Things are almost night and day on low loaded systems. I will report more results in 48 hours.

KernelPanic · Nov 13, 2013

This seems very similar to the issue I experienced with a pair of Intel SR1500 servers: http://forums.freebsd.org/showthread.php?t=42918

If switching to LAPIC doesn't help you should try removing one of the two CPUs to see if the problem goes away.

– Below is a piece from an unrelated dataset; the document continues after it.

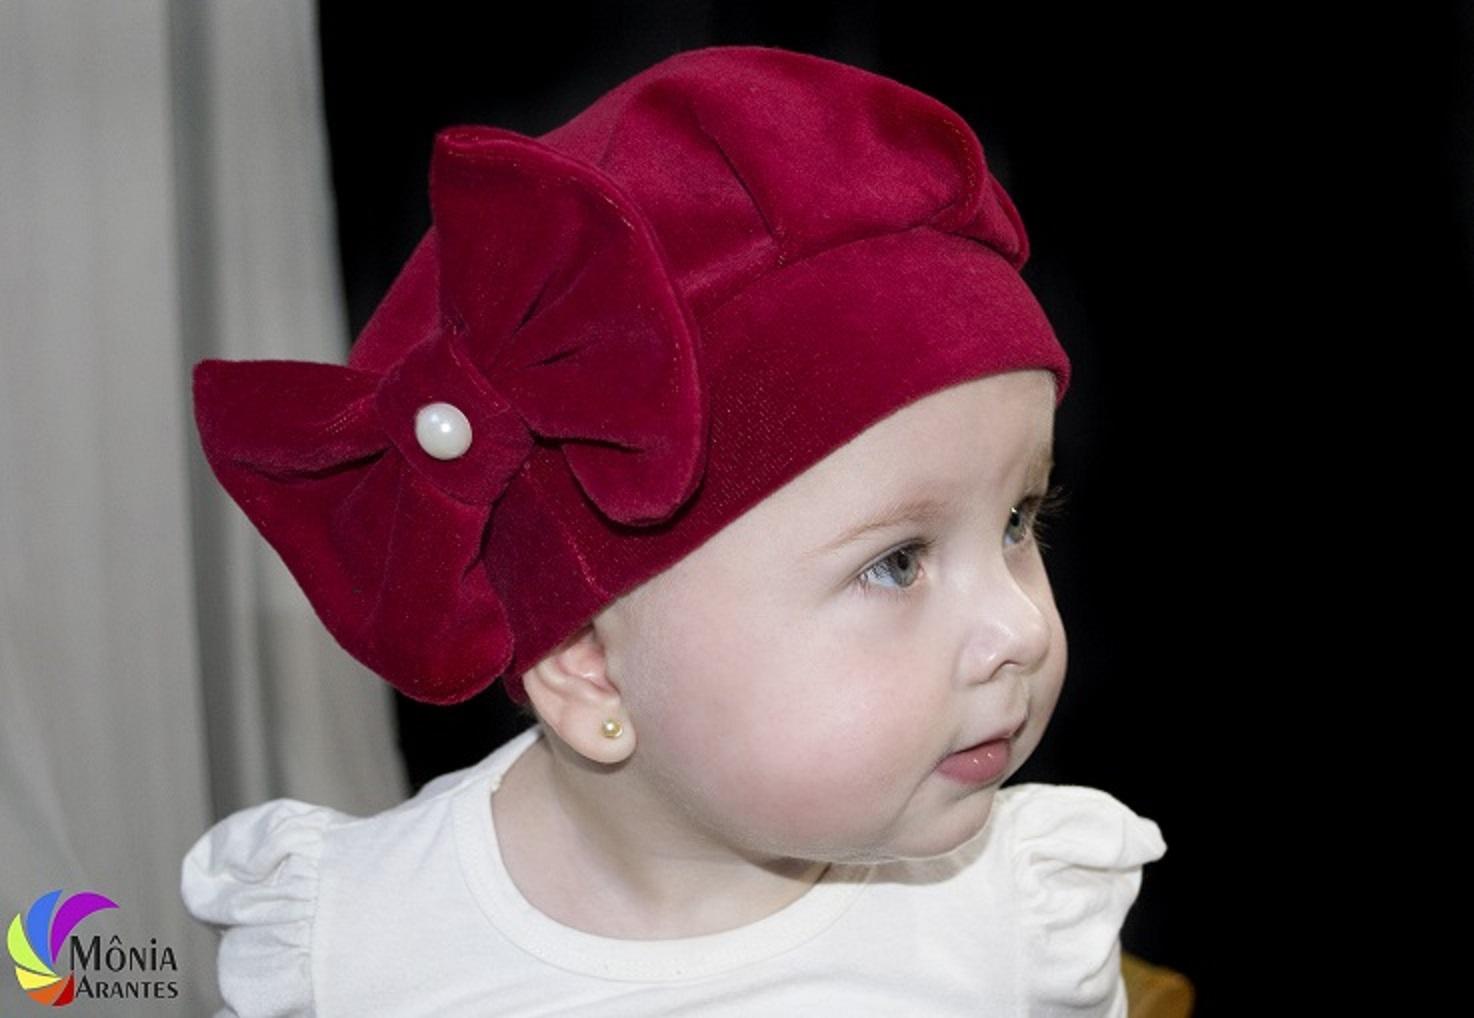 88840e0257c51 Touca de Plush Infantil Bebe Boina

It's not really a fix, of course. It would just be more of a double confirmation that FreeBSD 9.2 may have issues with systems that have two (or more?) Xeon processors.

grabes · Nov 14, 2013

I feel that changing the kern.eventtimer.choice to HPET, may have helped a little bit (I have no evidence to support this). Changing

Code:

kern.eventtimer.timer=LAPIC

was much more relevant. On an unloaded server handling a few requests (heavy threading) I would see load averages around 60 with 95% idle CPU. As soon as I changed the event timer things made sense load averages around 1, and my time keeping problems seem to be solved.